R. Джонс “Stock exchange game. Make millions – playing with numbers”

R. Jones' Stock Market Game. Make millions - playing with numbers"The one that struck me the most in Ryan Jones's book – this is his approach to trading strategies of a stock player. It practically abstracts from any trading methods and systems., of which there are a great many today, and approaches the market as a system of transactions with equal chances. No matter how, for what reasons, with which decision-making system do you make this or that transaction, – all this plays absolutely no role.
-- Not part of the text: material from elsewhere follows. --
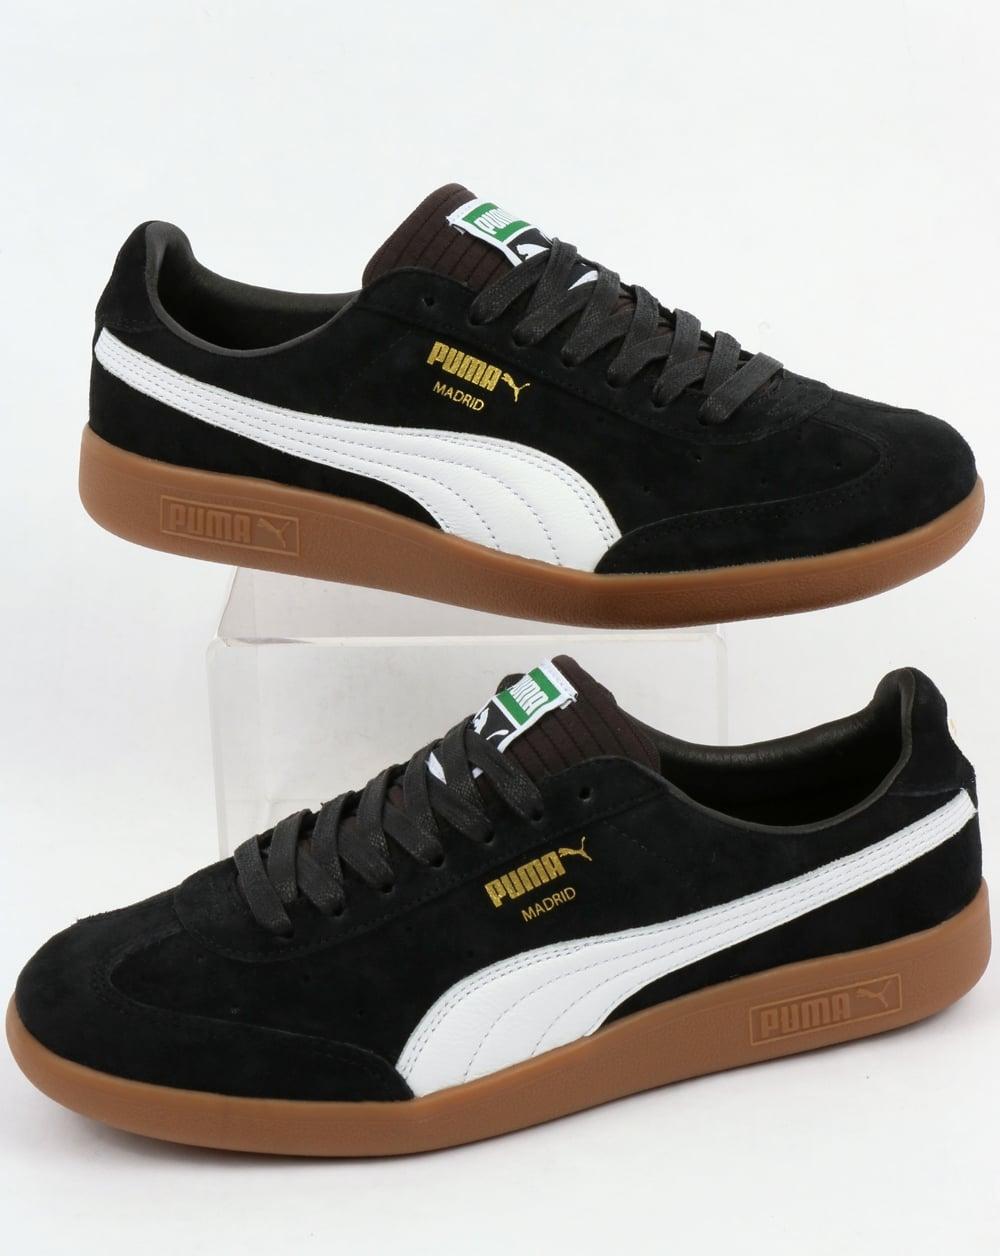 premium selection ed388 b279e Puma Madrid Lux Trainers Black/White

Undoubtedly, what is most important in the investment process is the result obtained. Most strive for this goal through the creation of complex trading systems., or employs a huge number of indicators, or works with arrays of information of a fundamental nature, maybe – just diversifies its portfolios. But Ryan Jones doesn't take any of these approaches., or uses them very little, – he operates only with a combination of positive and negative outcomes. Numbers only, and the results are stunning, and there is no doubt, that many of those, who will read this book, will be shocked and reconsider their views on stock trading. This is not surprising., because this book – about capital management, then, what is called “money management”, and this is – that third major aspect of trading, whose presence provides an investor or trader with strategic success, and his absence – leads to losses. The other two lie in a very different realm., many other books are devoted to them, which reveal the methods of analysis, ensuring the right choice of the market), and principles of investment diversification, which are also devoted to numerous publications on this topic.

And I must admit honestly – the approaches he demonstrates prove, it would seem that, at first glance unthinkable situation: how, having more losing trades as a result, rather than profitable, (even in the ratio 70/30) can, Nevertheless, get a positive result! Why is that? It's that simple: it is enough to pay attention to the discrepancy between logic and mathematics in the process of money management and the associated risks, as soon as the reasons become clear, why there are practically no unsuccessful trades, but there is only unskilled money management.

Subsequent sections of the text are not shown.